_EXERCISE INSTRUCTIONS_: If pictures appear in the lines below, skip them and copy exactly the lines from the one containing "Baju Melayu Zaidan Kids - Dark Maroon" through the one containing "Spodek Arena en", and nothing else.

== EXTRACTED DATA ==

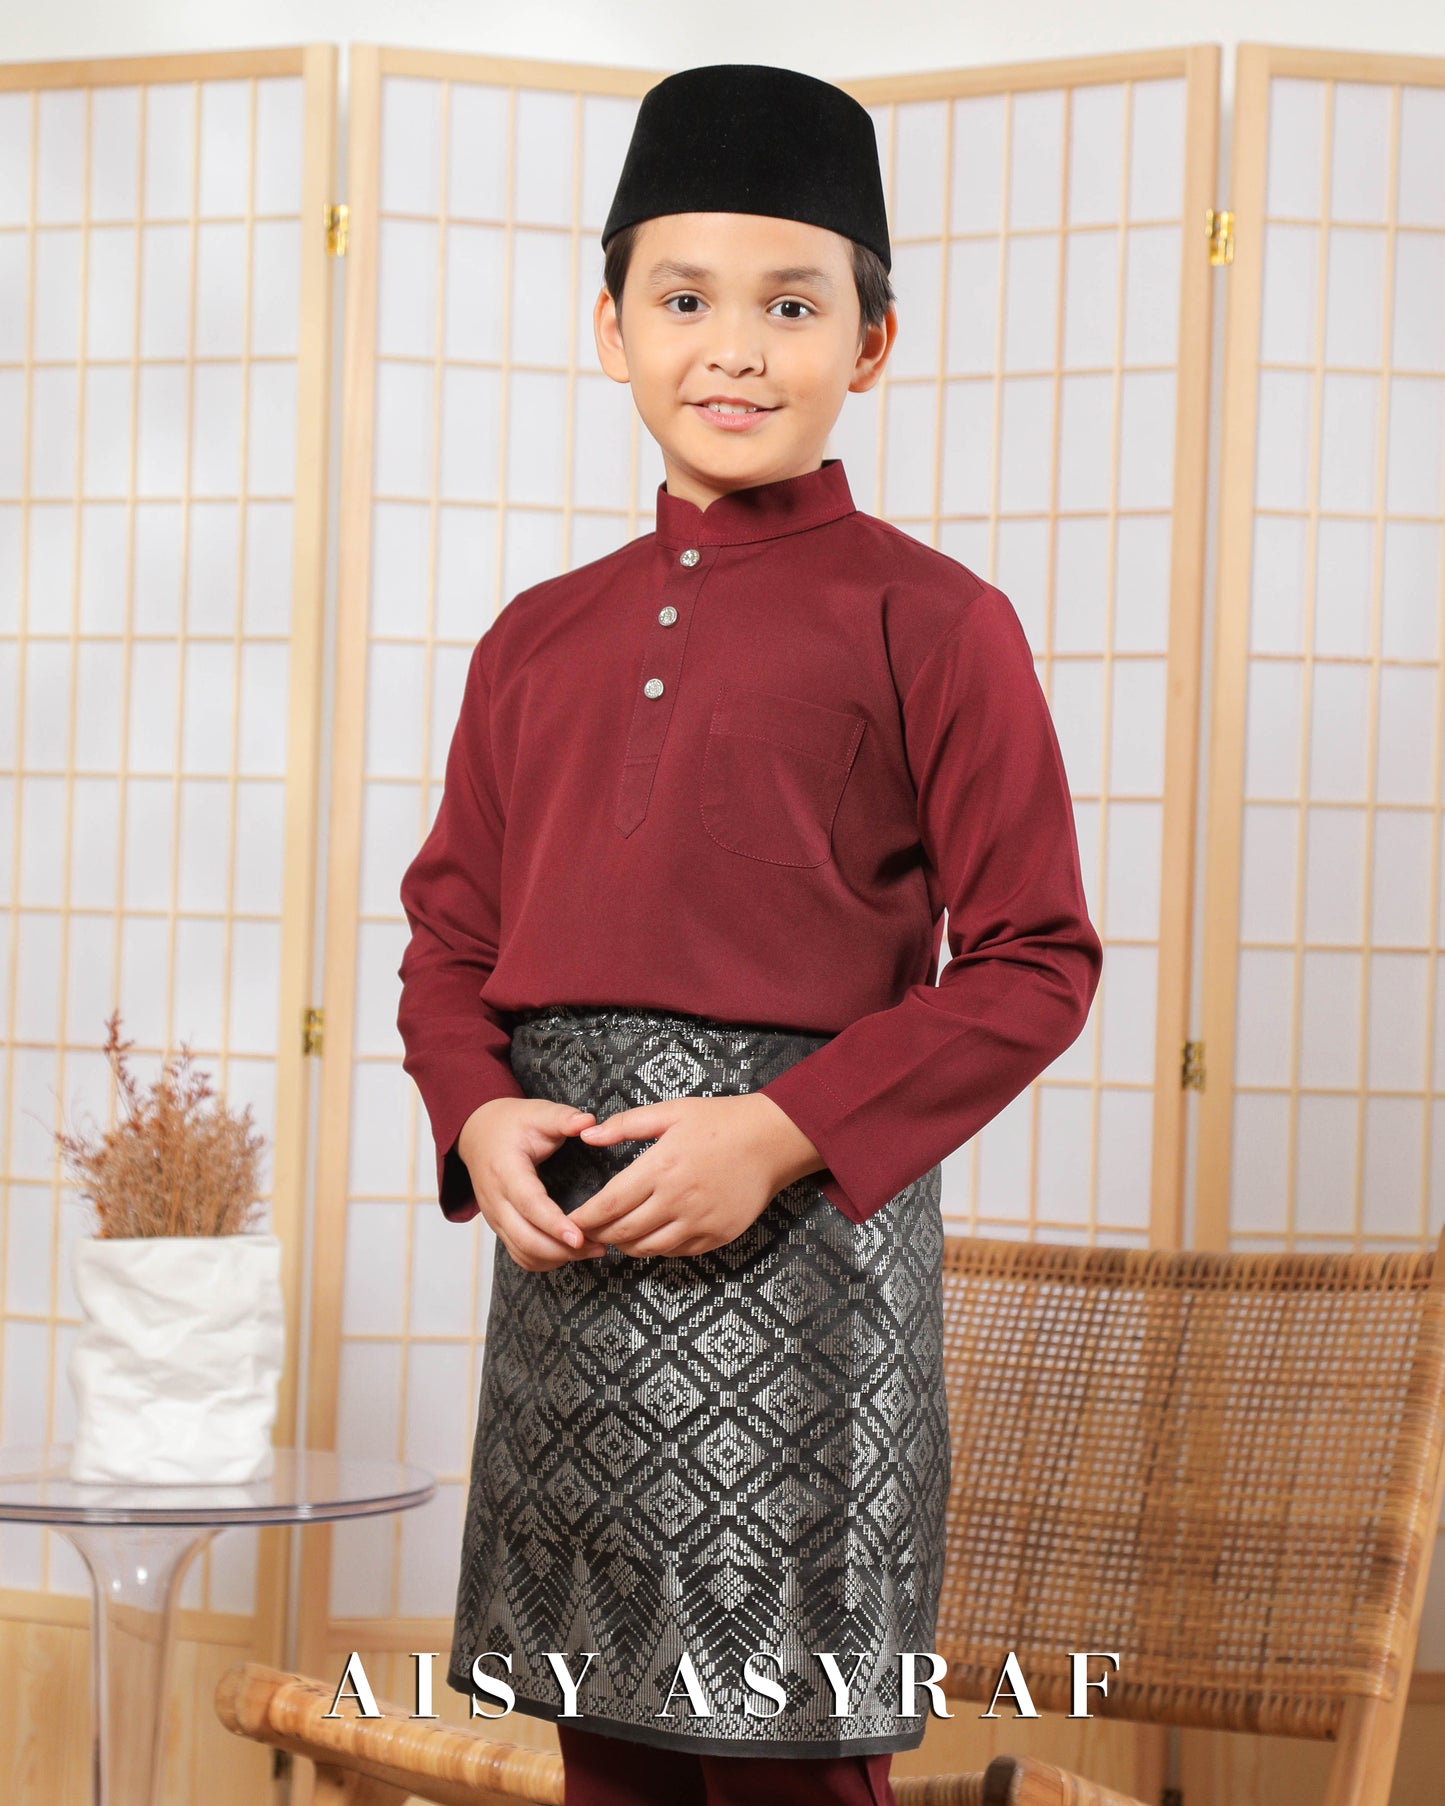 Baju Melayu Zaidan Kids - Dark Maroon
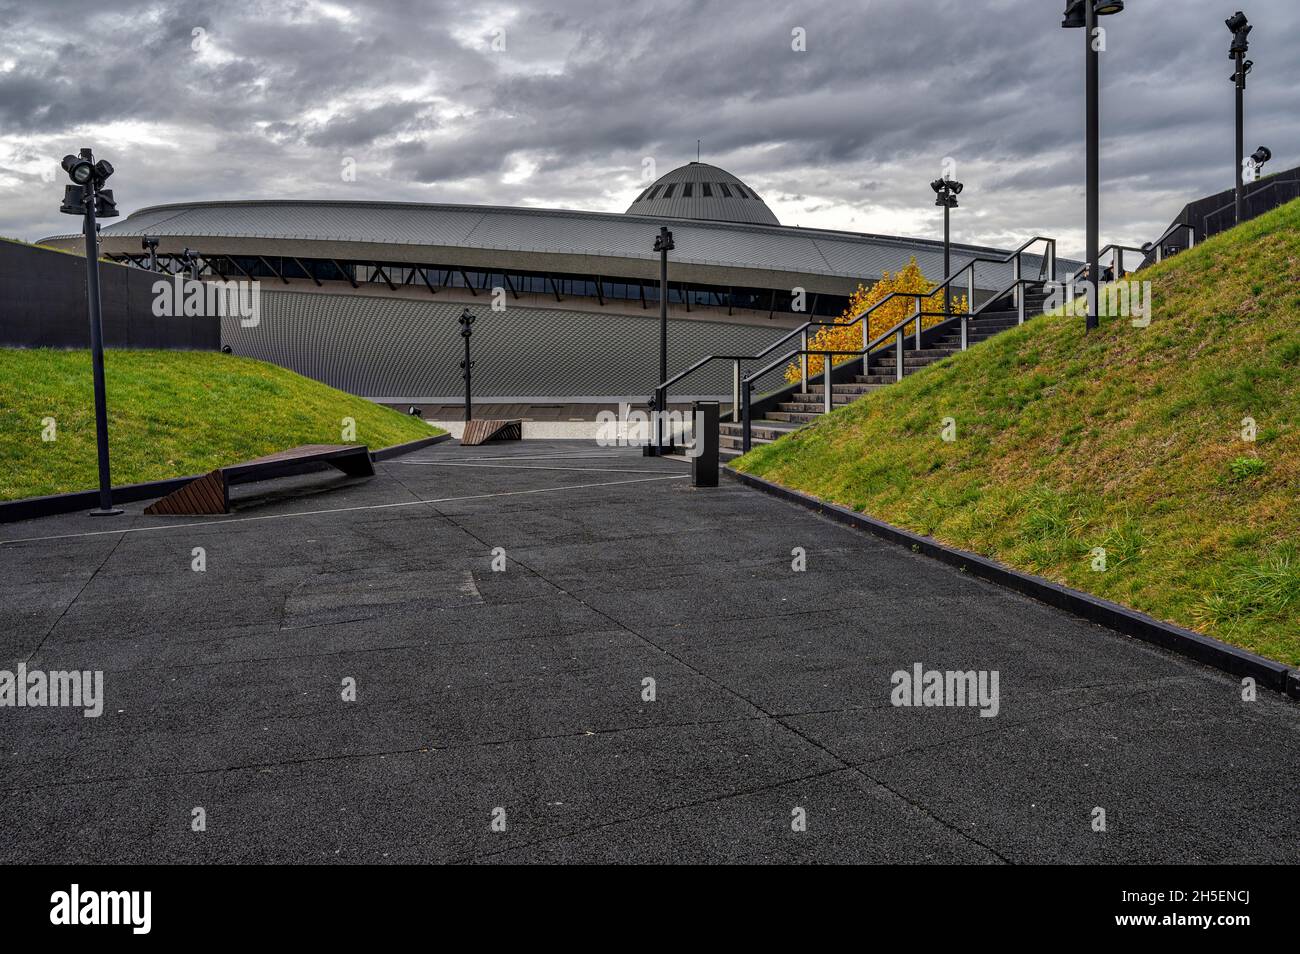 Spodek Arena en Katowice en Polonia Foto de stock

===
== EXTRACTED DATA ==

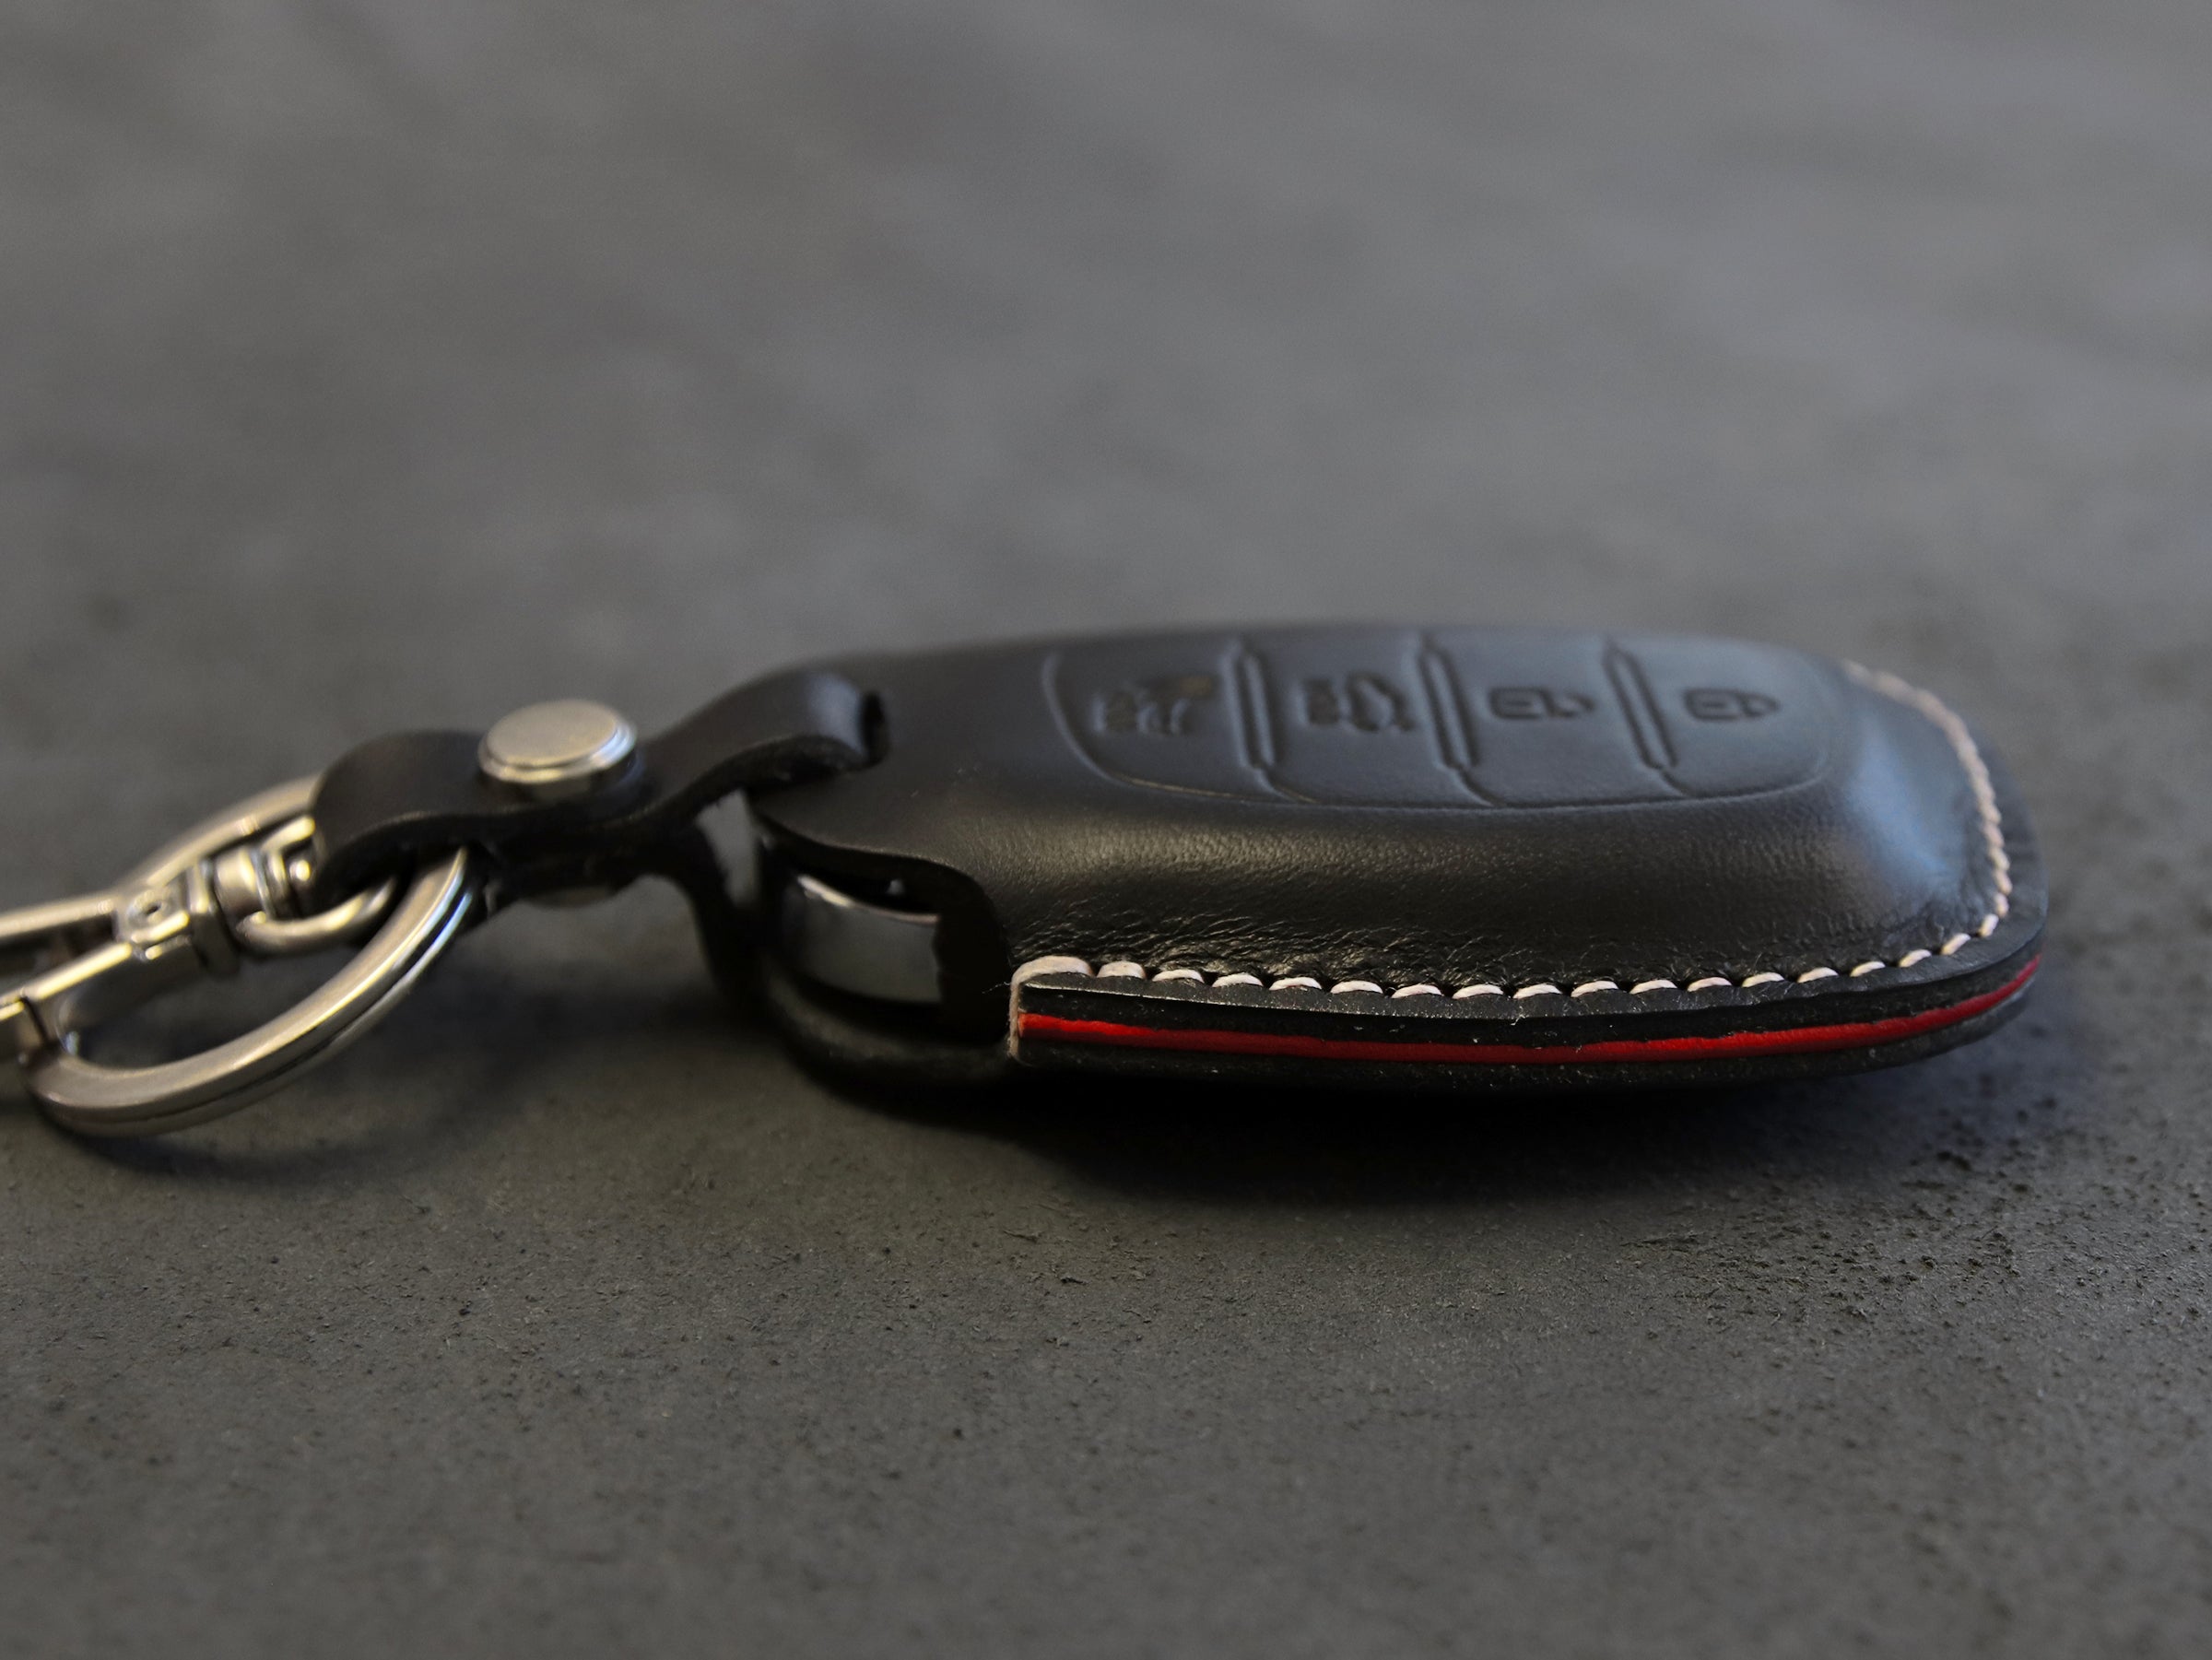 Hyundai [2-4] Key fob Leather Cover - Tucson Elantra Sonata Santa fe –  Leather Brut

===

_OUTPUT FOR THIS EXERCISE_:
 Baju Melayu Zaidan Kids - Dark Maroon
 Spodek Arena en Katowice en Polonia Foto de stock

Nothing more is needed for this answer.